◆ Assignment ◆
Pictures stay out of the copy. Retype exactly the lines below from the one with "Canon MultiPASS MP-C2500" through the one with "Triple Push Pop 34g - Nick & Joe Candy Shop".

◆ Task data ◆
* * * * * * * * *

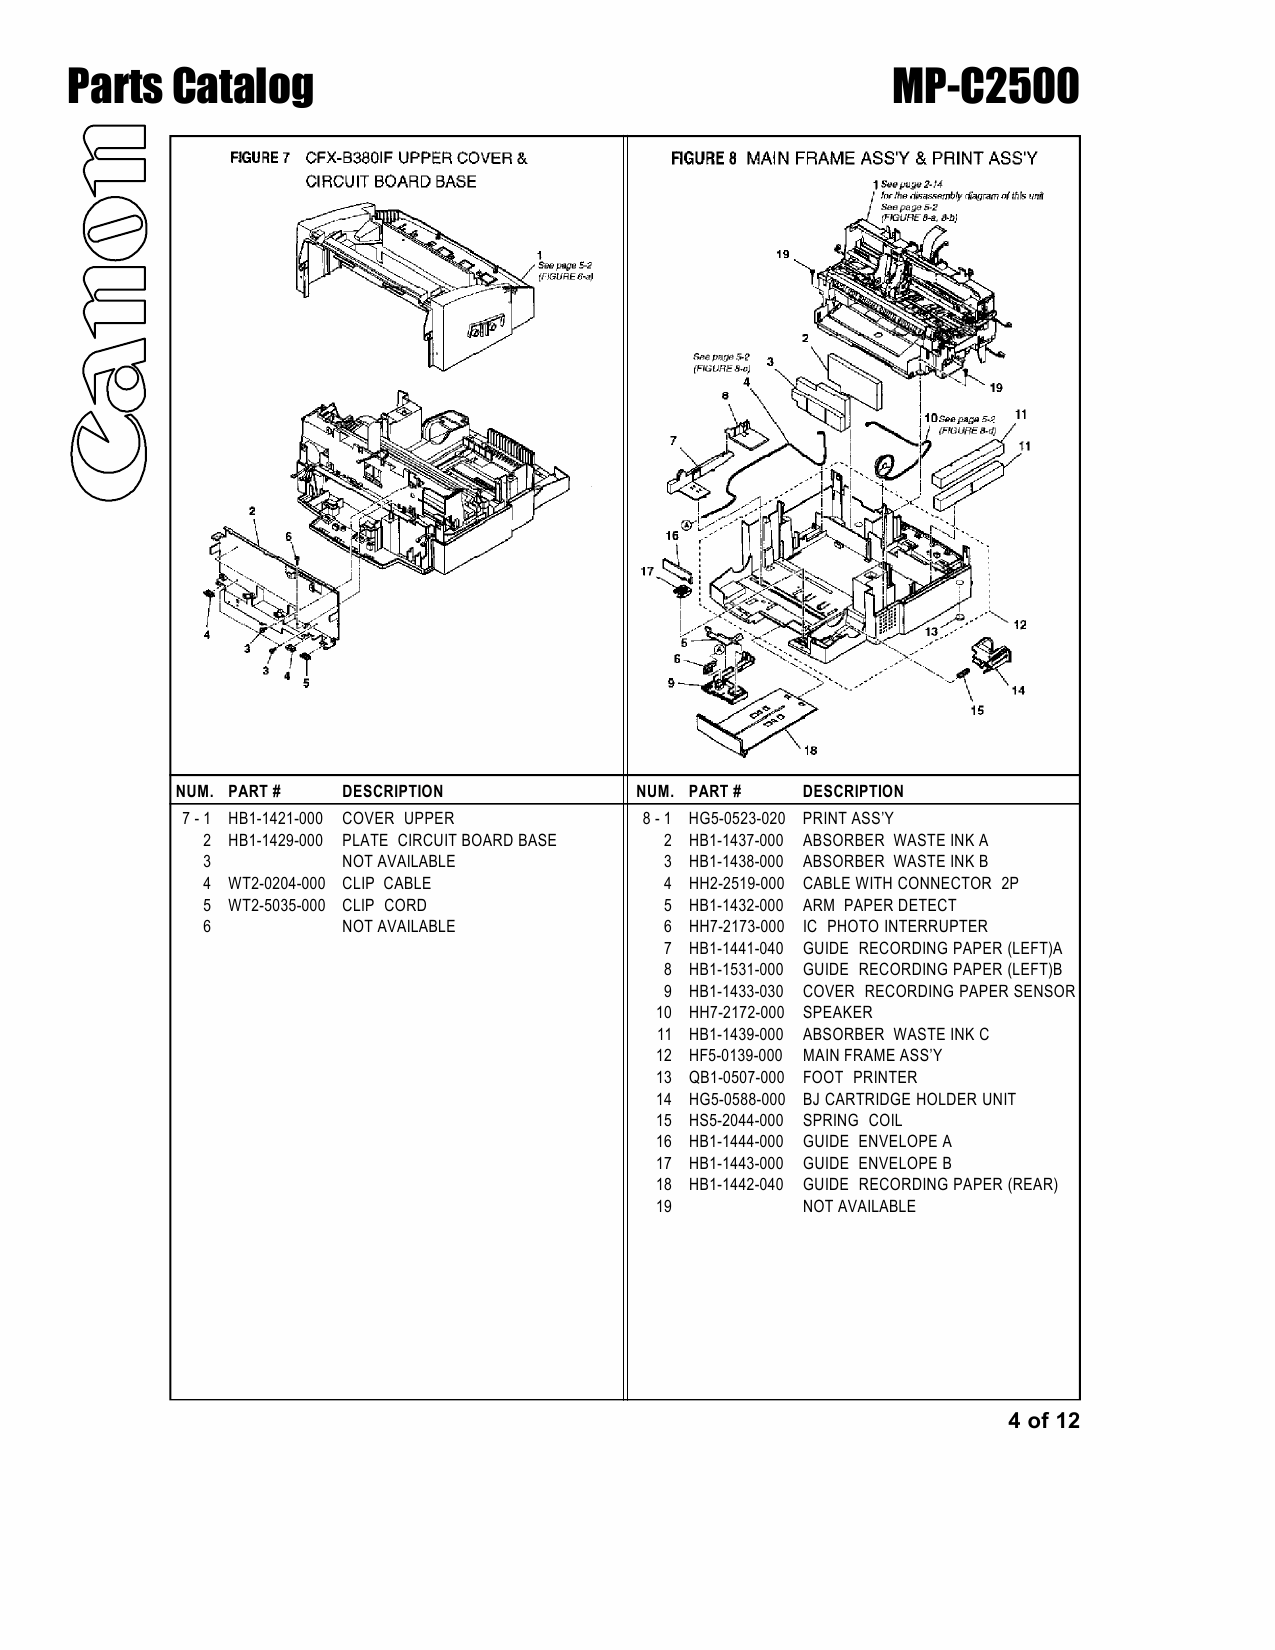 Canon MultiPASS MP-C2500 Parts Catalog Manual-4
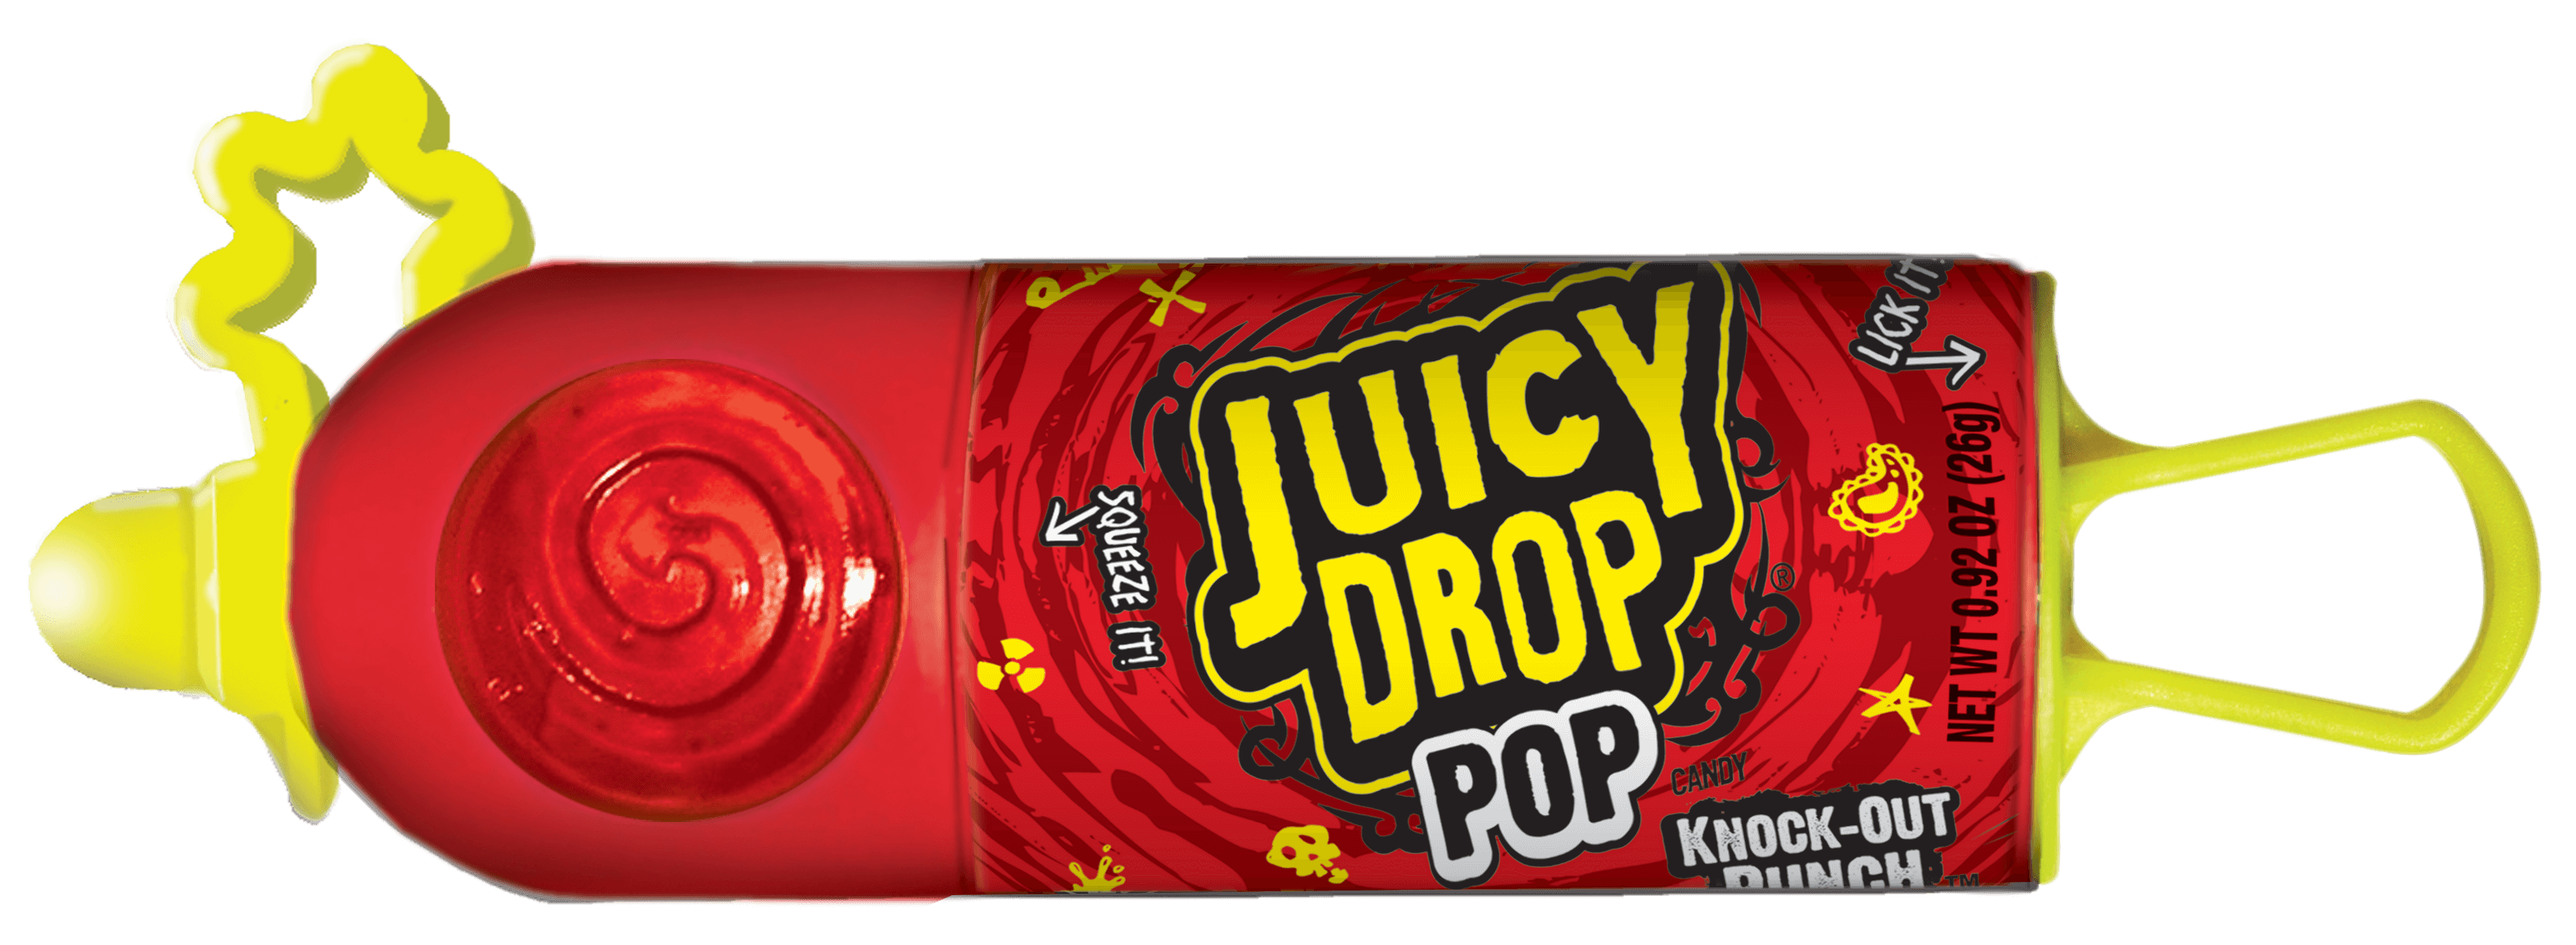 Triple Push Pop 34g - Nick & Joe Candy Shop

* * * * * * * * *

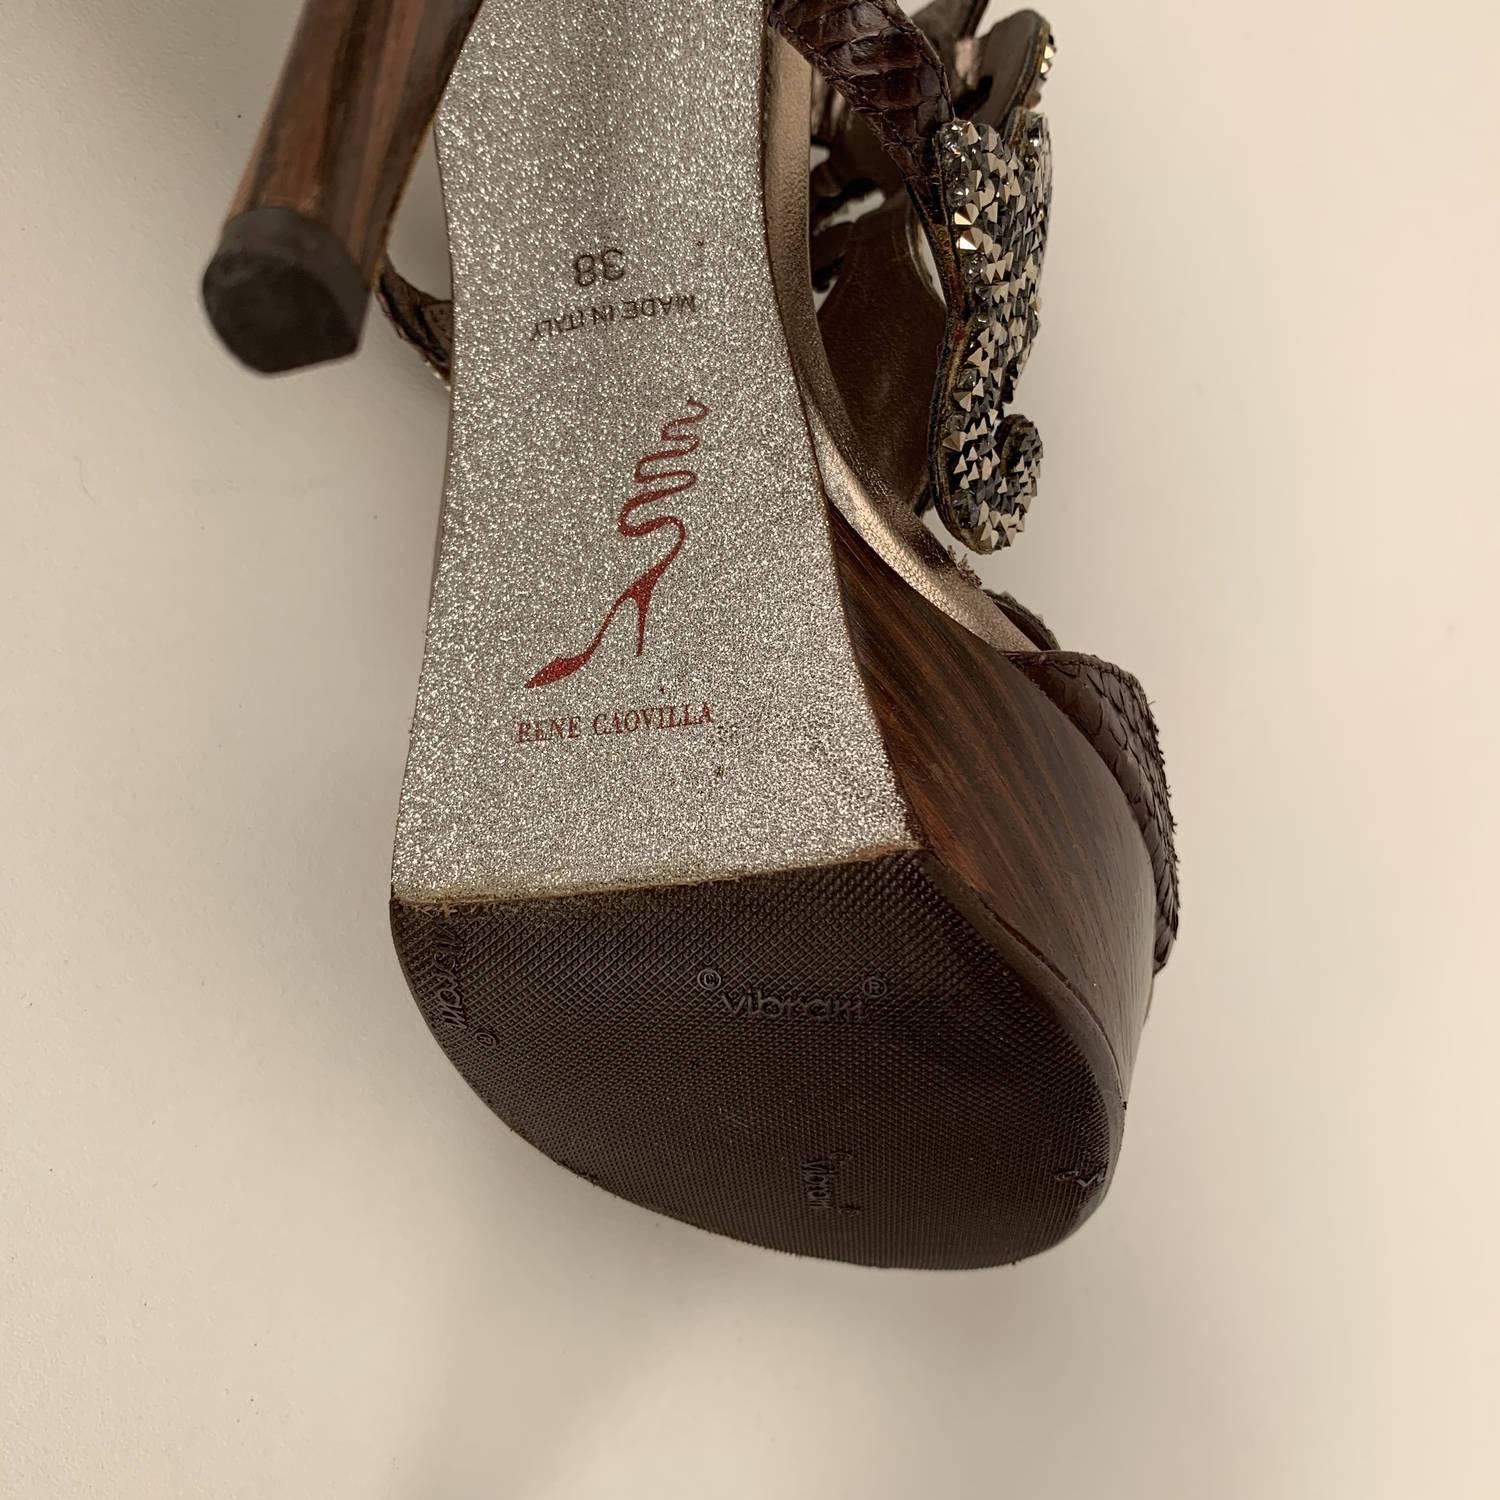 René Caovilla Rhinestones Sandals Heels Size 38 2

* * * * * * * * *

◆ Answer space ◆
 Canon MultiPASS MP-C2500 Parts Catalog Manual-4
 Triple Push Pop 34g - Nick & Joe Candy Shop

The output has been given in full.